Мне захотелось разбудить в девчатах интерес к раскопкам и я, подмигнув Асану, вытащил из кармана обломок золотого динара, по которому настраиваю прибор на определенные металлы, и, бросив его в отвал, притоптал ногой.

— А вы тщательно все просматриваете? Вдруг, что-то пропустили. Давайте проверим металлоискателем ваш раскоп, — предложил я.

Все заинтересовались, и я, собрав прибор, начал зондировать площадь раскопа. Как и ожидалось, сигналов не последовало, но вот когда я проверял отвал, прибор вдруг весело зачирикал. Дождавшись, когда вокруг меня соберется вся группа, я на глазах изумленных студенток осторожно извлек из земли свой кусочек динара.

— Монетка!!! Золото!!! — раздались вокруг восторженные крики.

— Можно её посмотреть? – спросила высокая симпатичная девушка.

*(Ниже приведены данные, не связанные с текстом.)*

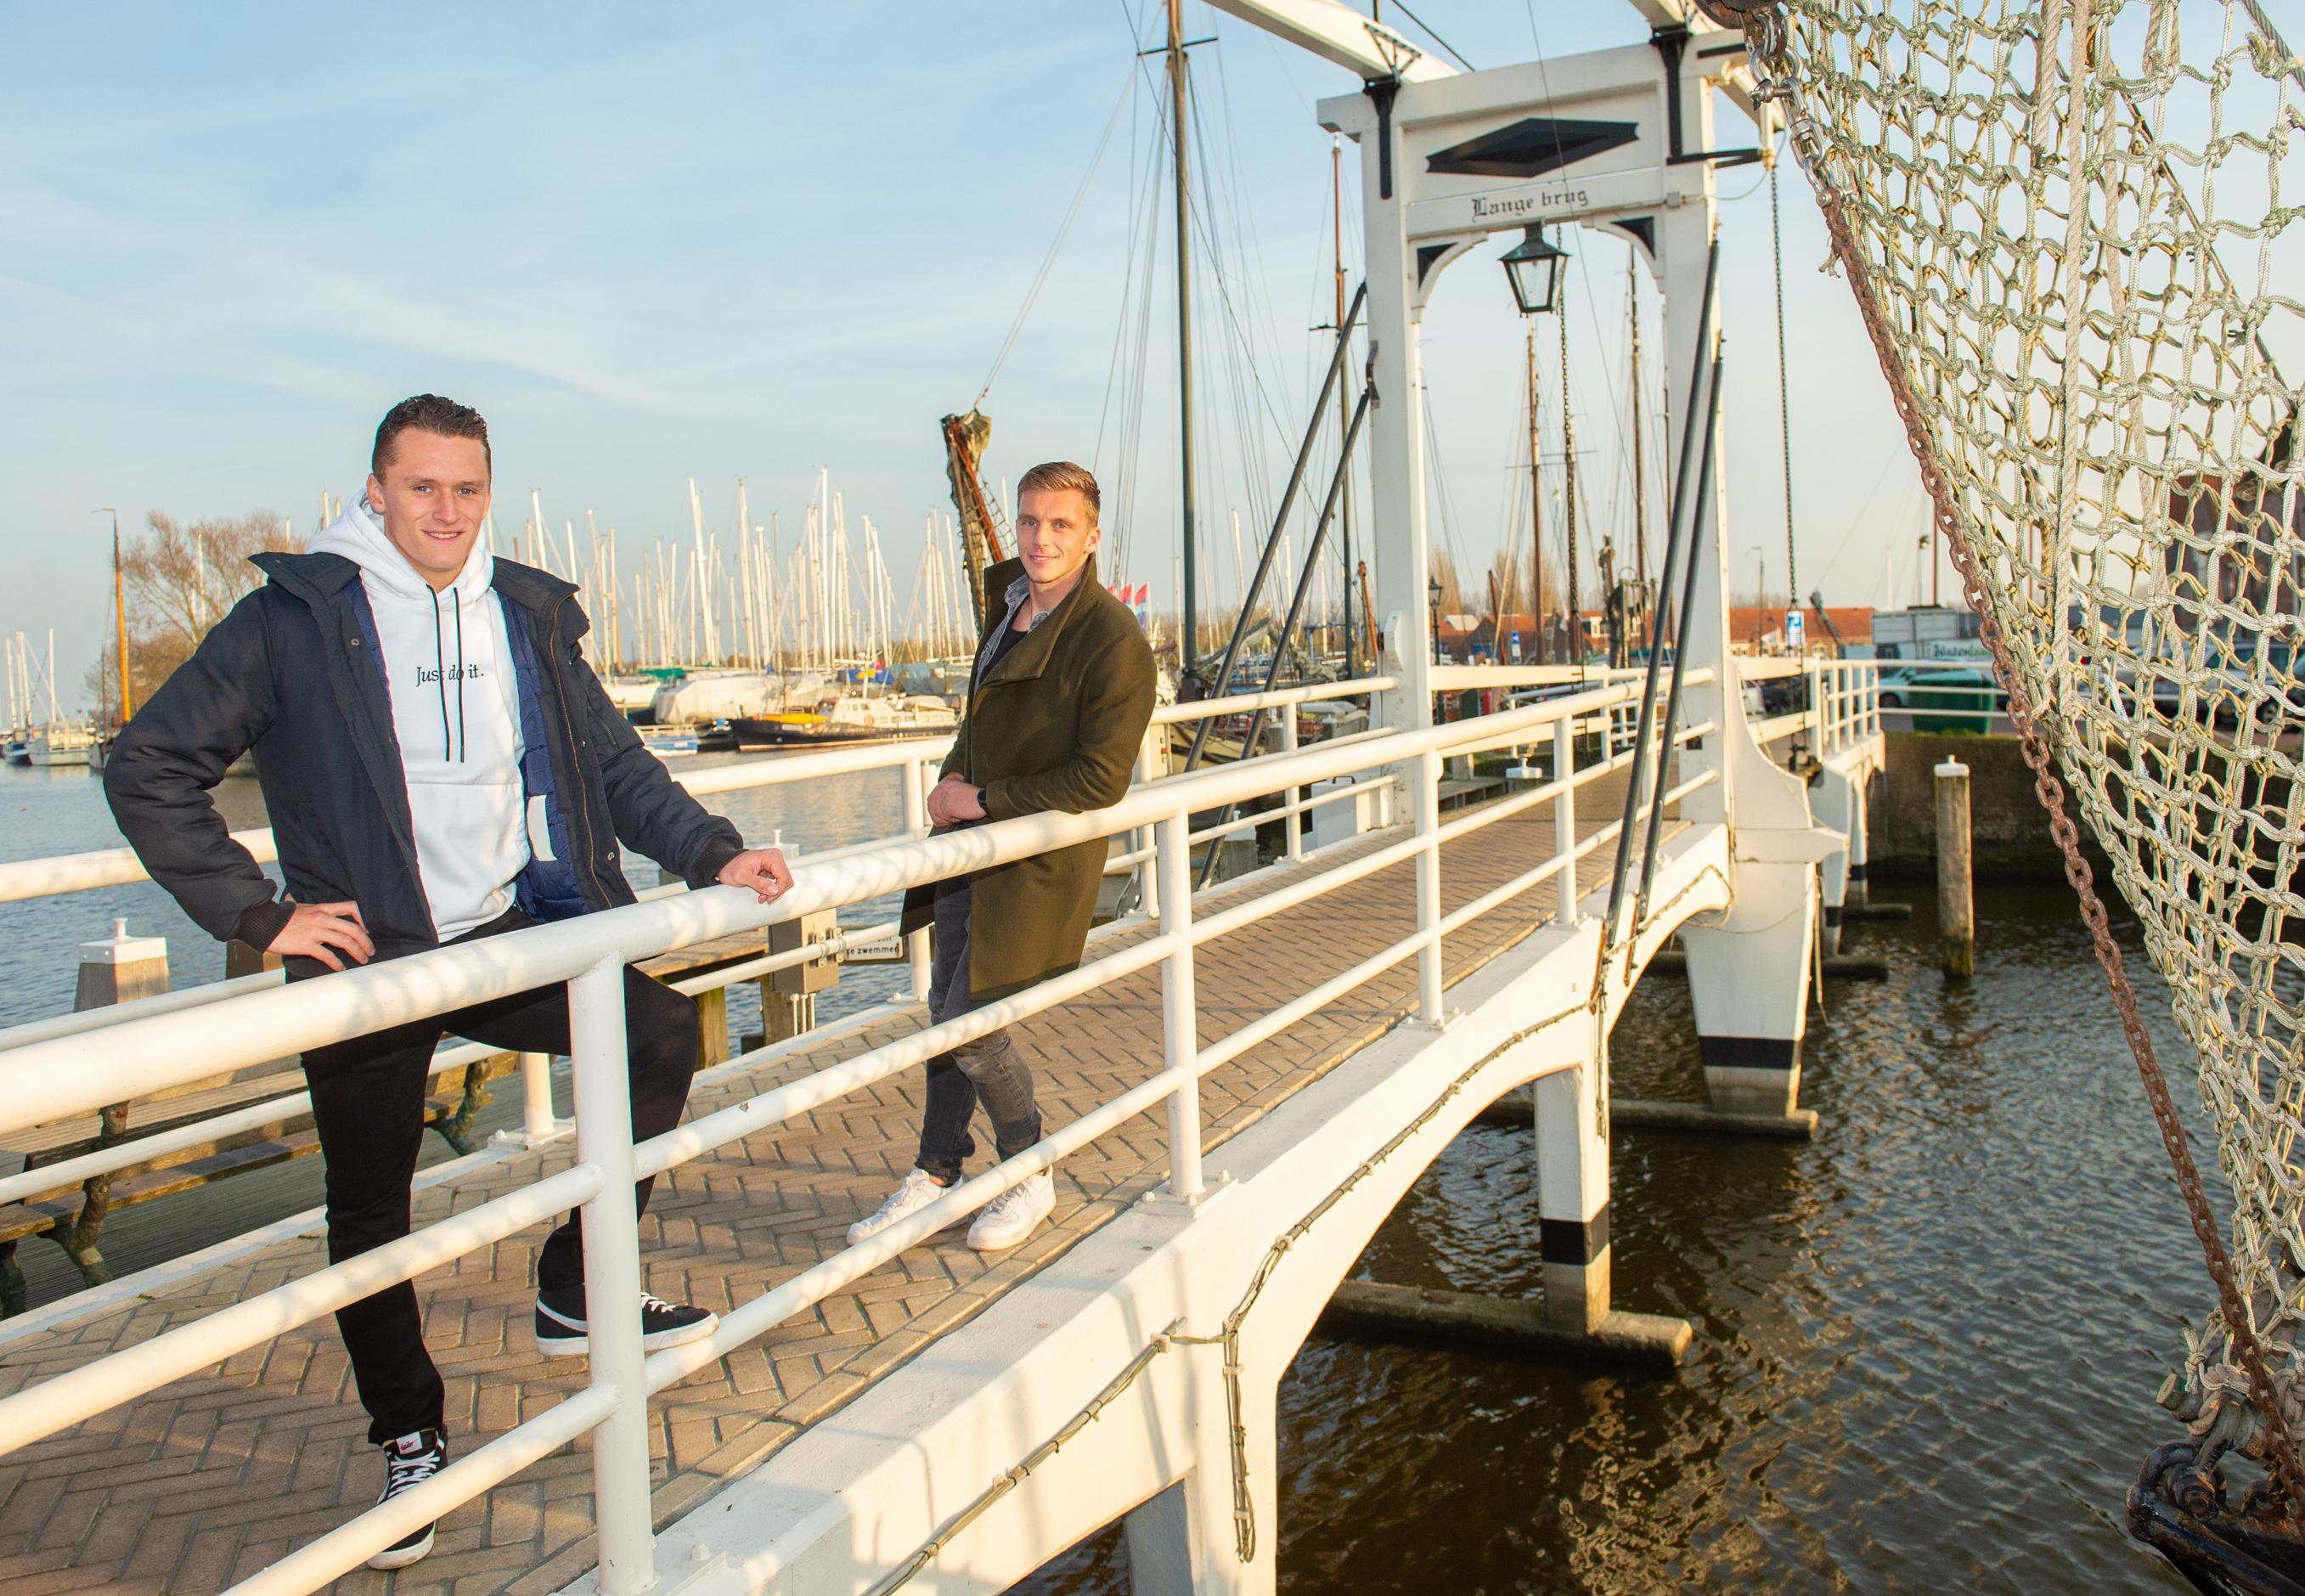 Normaal vrienden, maar nu tegenover elkaar. Martijn Kaars en Damon Mirani tegenstanders tijdens FC Volendam-Almere City

Я опрометчиво протянул ей динар.

— Это монета найдена у нас на раскопе, значит, она наша, и мы вам её не отдадим, — протараторила длинноногая красавица и, зажав находку в кулачек, спряталась за спины своих подруг.

— Да, эта наша монета, — стали грудью на её защиту остальные студентки.

Наверно вид у меня был растерянный, я пытался объяснить, что это шутка, и монету в отвал мною подброшена, но студентки не слушали мой лепет.

Асан, оставив работу, громко хохотал. Обломок динара он вернул мне уже после окончание практики.

Но, как видно, тот случай ни чему меня не научил, и год или два спустя я снова попал в неловкую ситуацию. Иссык-кульская археологическая экспедиция обзавелась видеокамерой и снимала фильм о своей работе. Поучаствовать в съемках с металлоискателем пригласили и меня. Собираясь в командировку, я прихватил искусно выполненную бронзовую копию скифской бляшки в виде свернувшийся в кольцо пантеры. Возможность отыскать скифскую бронзу во время съемок, равнялось нулю, а поскольку я догадывался, что фильм будет не столько документальным, сколько постановочным, то и взял с собой эту злосчастную подделку.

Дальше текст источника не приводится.